I have a friday afternoon ritual. At about
3.30, I meet with one my of colleagues. Over a coffee and a cake we
carry out our screening of the new Occupational Deafness cases that have
come in during the course of the week. This is not a Friday afternoon ‘easy job’.
It is hard work.
Before we
even look at them there has to be professionally prepared audiometry. If any of
those tests are questionable the case is rejected. We then look at numerous
other factors including the nature and dates of the exposure, the provision of
hearing protection, limitation, the number of employers etc. Only the best
cases survive the exercise. We reject about 70% of the cases that we screen.
I spoke at
a conference in Liverpool last year on this
very subject. From what I could tell, most experienced practitioners adopt a
similar approach.
It seems, however,
that the insurance industry would have us believe otherwise. According to a
press release this week, Aviva allege that lawyers are actually interested in
pursuing hopeless cases. They say that too many cases are submitted by ‘opportunistic
personal injury lawyers’. They go on to make the remarkable assertion that lawyers
need to be deterred from submitting – ‘weak cases they know are likely
to fail’. They call for a clampdown on ‘spurious’ claims.

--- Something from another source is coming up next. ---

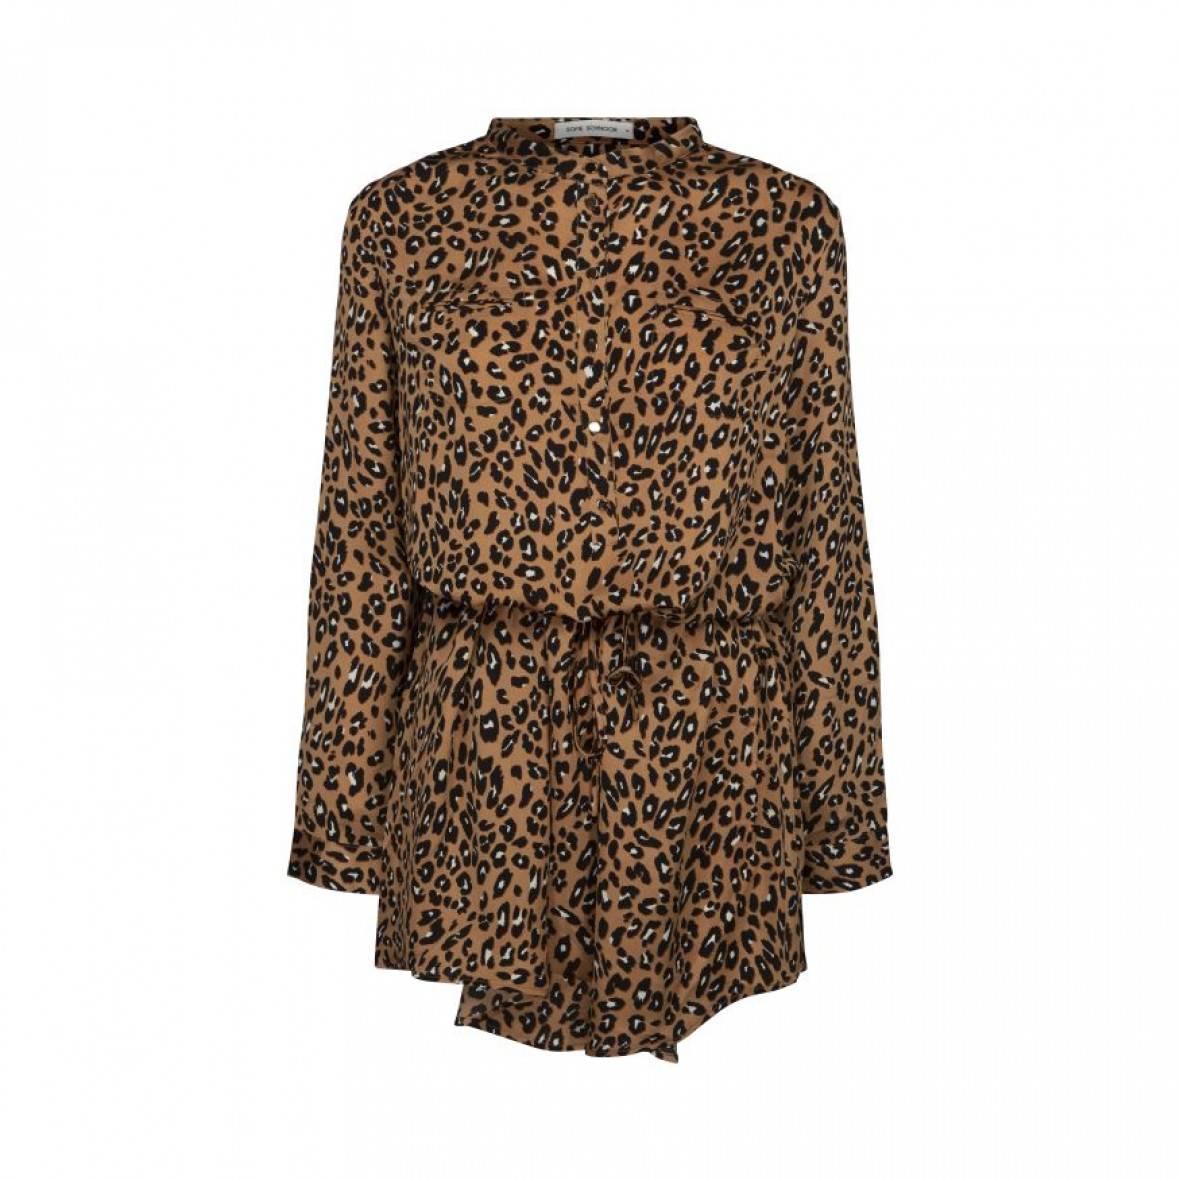 SOFIE SCHNOOR - Tan Leopard Print Dress With Tie Waist – Energy ...

This is of course complete nonsense. These cases have to be
pursued on a no win no fee basis. There is no other way that a victim can
secure justice. For obvious reasons, lawyers will only pursue cases with at
least a reasonable chance of success. Why on earth would we have any interest
in running case that we ‘know are likely to fail?’ Or to put it more bluntly -
why would we ever want to run cases for which we do not have a cat in hell’s
chance of getting paid? This is why cases are so carefully screened. To do
otherwise would be commercial suicide.
Aviva and their insurance colleagues are not trying to clamp
down on ‘spurious’ claims. They are trying to get rid of all claims. They want
to persuade their political allies to introduce procedures that will make it virtually
impossible to pursue most cases. They did this very effectively in motor
accident cases and have now moved on to another agenda. And they will go to
great lengths to deter claimants.
EAD settled one claim last year after a long and very
expensive battle with insurers. It was a genuine claim but was of modest value.
It is fair to say that they threw the kitchen sink at this poor claimant. It
became a war of attrition. Any point that could be taken was taken. The case
came within an inch of trial when it finally settled for just under £4k. Two
years earlier, we had put forward a proposal to settle at £4.5k. The legal
costs were
eventually agreed at £69k. They were so high because the
claimant had been made to fight to the end. The insurers did not even try to
argue that the costs were disproportionate.
They did all of this in the hope that the claimant would
give up. And presumably to send a message out that you ‘don’t mess with us’!
Try telling this client that insurers acknowledge that genuine claimants
deserve compensation.
This is going to be the next battle ground and it will not
be long before the Minister of Justice starts to come out with similar
rhetoric.
The only hope is that the election will see a different
government and one which sees the value and not simply the price of justice.